Alexandre Desplat's score is lyrical and emotional, weaving through scenes like a lament. The music doesn't just underscore emotion; it creates its own narrative thread, a wordless conversation between what the characters say and what they truly feel. During the Creature's solitary wanderings, the score becomes sparse, haunting—single notes that stretch into silence, mirroring his isolation.
The dialogue crackles with intelligence and pain. Characters speak in measured, thoughtful language that feels both elevated and deeply human. The Creature's speech, as he learns language, evolves from guttural sounds to eloquent philosophy, and you witness that transformation not just in what he says but how he says it. There's a scene where he describes his existence that left me breathless—the way he articulates the specific agony of being conscious but unwanted, alive but unloved. The language never feels stilted or archaic; instead, it captures how people sound when they're wrestling with impossible emotions and trying to make themselves understood.
Del Toro departs from Shelley's novel in significant ways—Elizabeth is now Victor's brother William's fiancée rather than Victor's childhood companion, which shifts the family dynamics. The film also moves faster through certain plot points, compressing timelines that Shelley took chapters to develop. But these changes serve del Toro's vision. He's less interested in strict adaptation than in capturing the novel's emotional truth—the horror of creating life without accepting responsibility for it, the tragedy of a being who wants only to be seen and loved.
Del Toro has described this not as a horror movie but as "an incredibly emotional story", and that's exactly what he delivers. Yes, there are moments of gothic terror—the reanimation scene is visceral and disturbing—but the real horror is quieter. It's watching the Creature's hope die each time someone flees from his appearance. It's seeing Victor realise too late what he's done. It's understanding that both characters are trapped in a tragedy of their own making.
The film isn't perfect. The pacing drags in places, and at 150 minutes, some scenes could have been tightened. Occasionally, the film becomes too literal in its messaging, spelling out themes that would resonate more powerfully if left implicit. And while I appreciate del Toro's distinctive vision, purists who want a more faithful adaptation of Shelley's text might feel frustrated by his departures.
Here's the thing, though—while the film is available on Netflix now, this is a work that truly demands the theatrical experience. The sweeping landscapes, the intricate production design, Desplat's soaring score—all of it deserves the immersive power of a cinema. The gothic beauty, the rich colour work, the subtle performances—they all lose something essential when compressed onto smaller screens. This is a film meant to wash over audiences in waves, to envelop them completely. Watching it at home means missing layers of detail that del Toro and his team laboured over. If there's any possibility of catching it in a theatre, it's absolutely worth seeking out that experience.

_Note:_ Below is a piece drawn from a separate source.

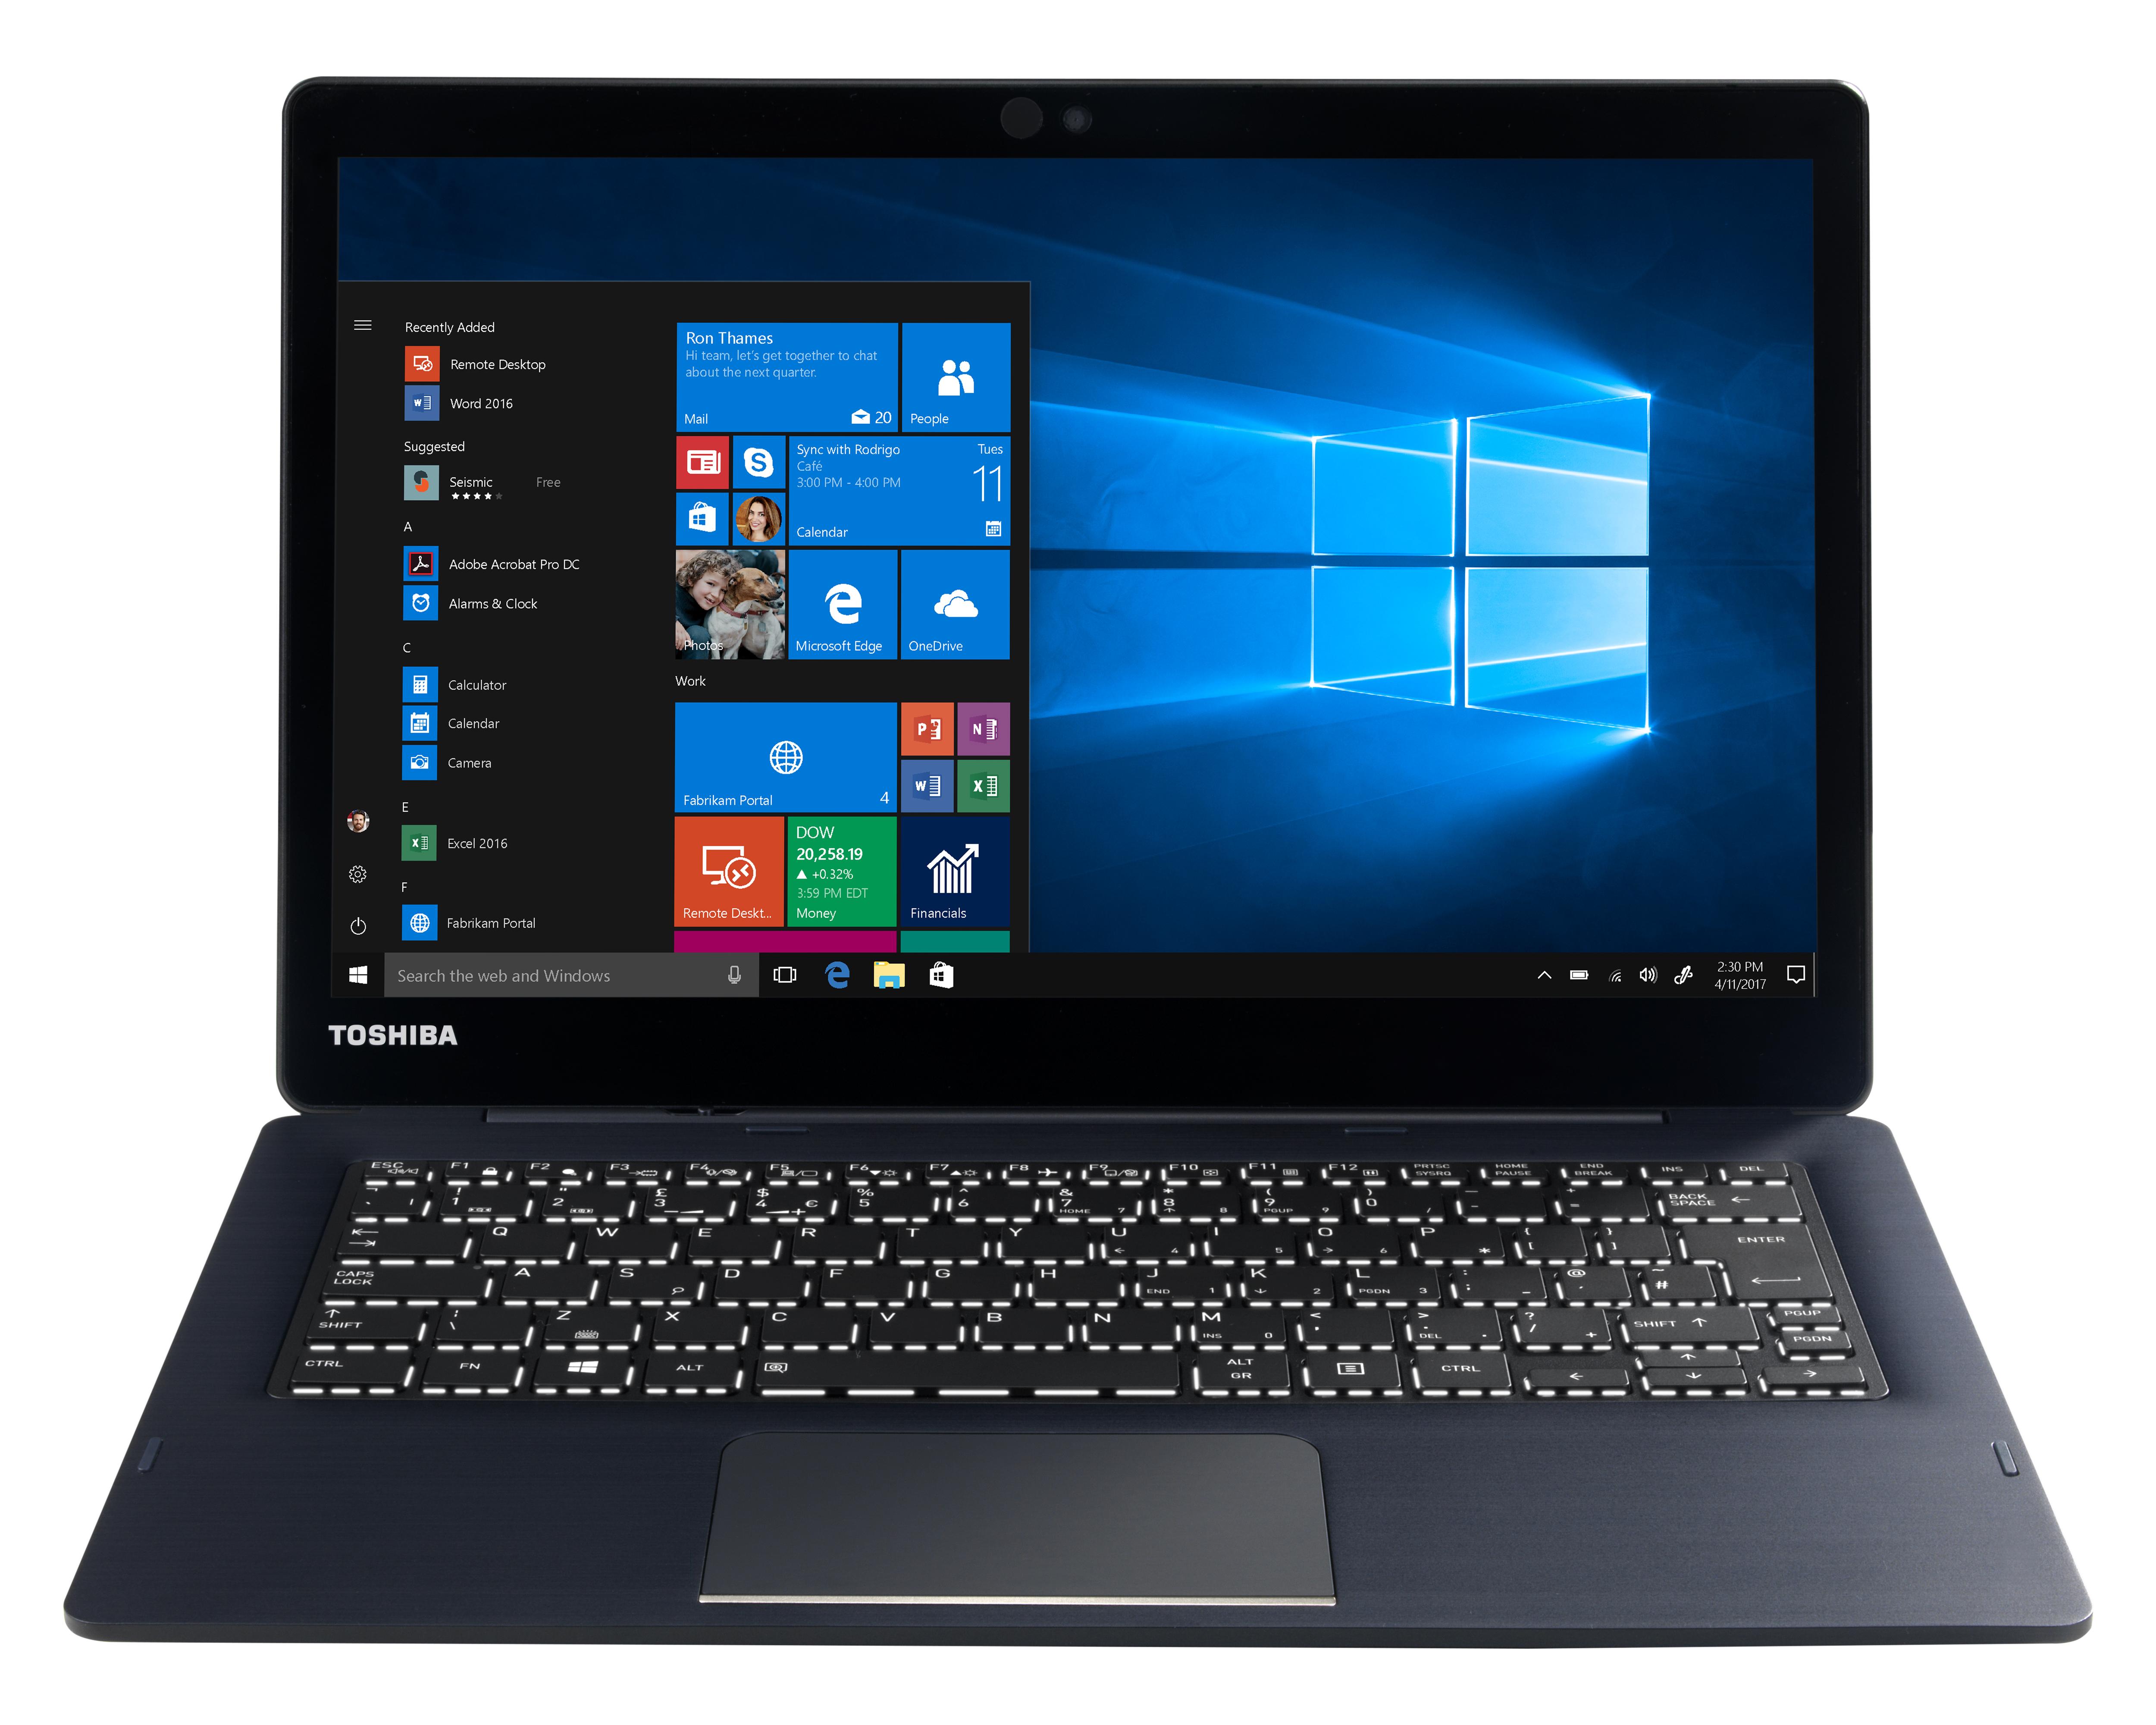 Mehr Sicherheit: dynabook gibt Tipps zur effizienten Umstellung auf Windows 10

Del Toro has spent his career finding humanity in the inhuman. His Pan's Labyrinth showed us that monsters can be gentler than men. The Shape of Water proved that love transcends the boundaries we draw between species. His Pinocchio reminded us that being real isn't about being flesh and blood—it's about having a heart.
Frankenstein makes viewers think about how we all create versions of people in our minds, then rage when they refuse to match our design. Victor wanted life without consequence. The Creature wanted acceptance without condition. Both were impossible dreams, yet both feel painfully familiar. We are all, in some way, both Victor and his creation—makers of our own isolations, yearning for connections we don't know how to build.